When reporting the results to the tuner using train.report() AND the via normal function return, the tuner seems to read from the return instead of the train.report(), thus keep on giving me the error that the tuner cannot find the metric specified in tune_config of my tuner.
How can I have the tuner read from the report instead of the function return?
(The error goes away if I comment out the line return output.)
################################################################################
##### Last few lines of my training function #####
################################################################################
## Create a Ray Tune session report
## Passes the checkpoint data to Ray Tune
report = {
"loss": np.mean(track_validation_loss[epoch, :]),
}
train.report(report, checkpoint = checkpoint_from_storage)

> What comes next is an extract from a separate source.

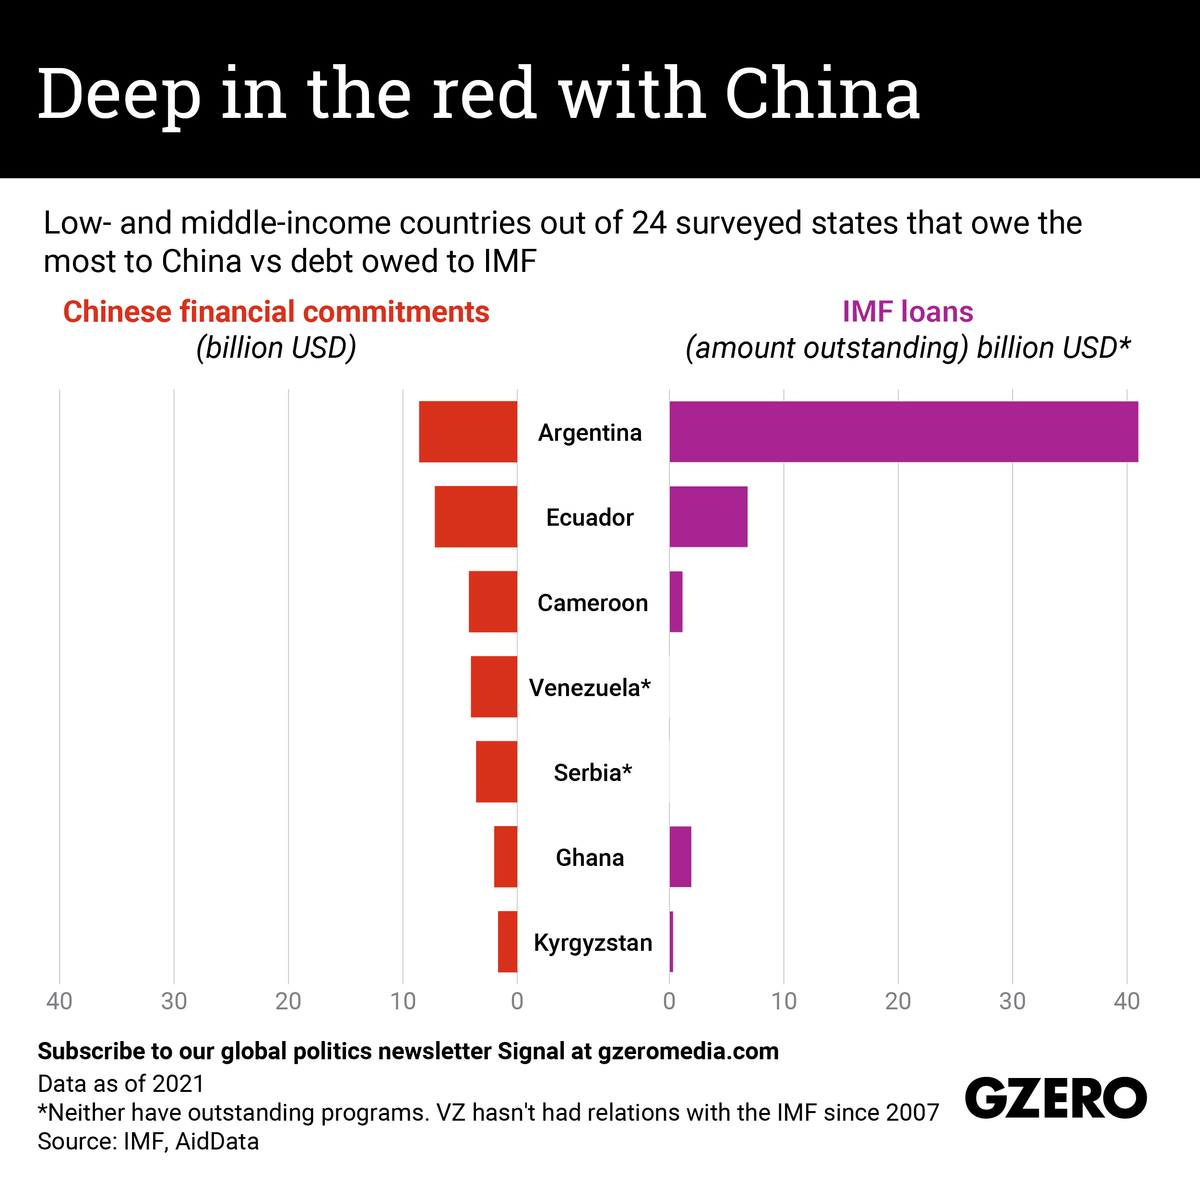 Deep in the red with China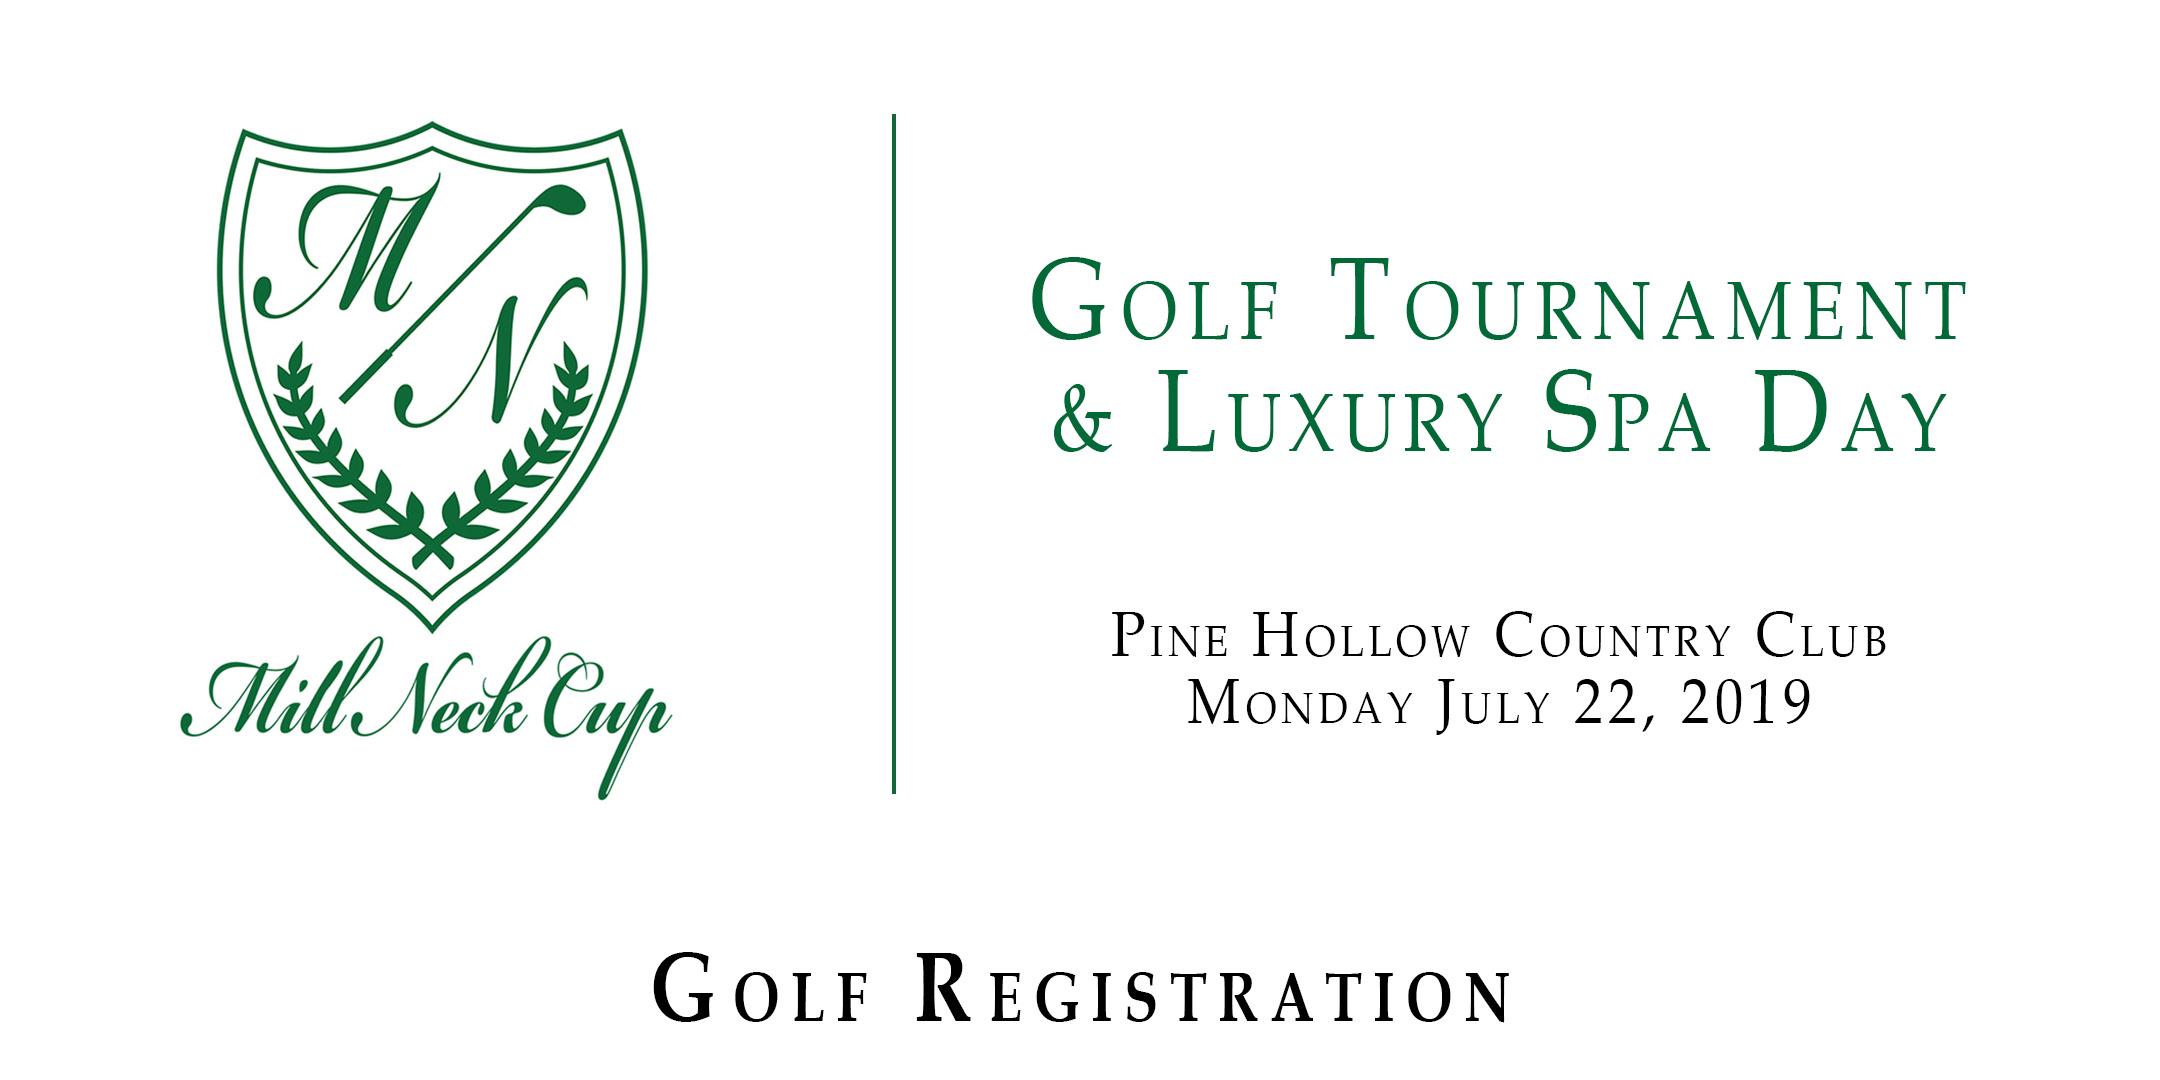 Mill Neck Cup - Golf Tournament & Luxury Spa Day

## Collect all the items into dictionary to return
## Update this into a 2D matrix to be able to track epoch and batch
output = {
"Training Loss": track_training_loss,
"Training TP": track_training_TP_count,
"Training FP": track_training_FP_count,
"Training TN": track_training_TN_count,
"Training FN": track_training_FN_count,
"Validation Loss": track_validation_loss,
"Validation TP": track_validation_TP_count,
"Validation FP": track_validation_FP_count,
"Validation TN": track_validation_TN_count,
"Validation FN": track_validation_FN_count,
}
return output
################################################################################
##### Tuner definition #####
################################################################################
## Tuner
tuner = tune.Tuner(
tune.with_resources(
tune.with_parameters(train_the_model), # Tuner will use what is in param_space
#resources = {"cpu": psutil.cpu_count(logical=True)}, # Logical CPU units - This would oversubscribe and cause low CPU utilization
resources = {"cpu": psutil.cpu_count(logical=False), # Physical CPU units
"gpu": torch.cuda.device_count()},
),
tune_config = tune.TuneConfig(
metric="loss", # Can also put under scheduler
mode="min", # Can also put under scheduler
scheduler=scheduler,
num_samples=10, #
),
param_space=param_space["params"]
)
## Fit the tuner
results = tuner.fit()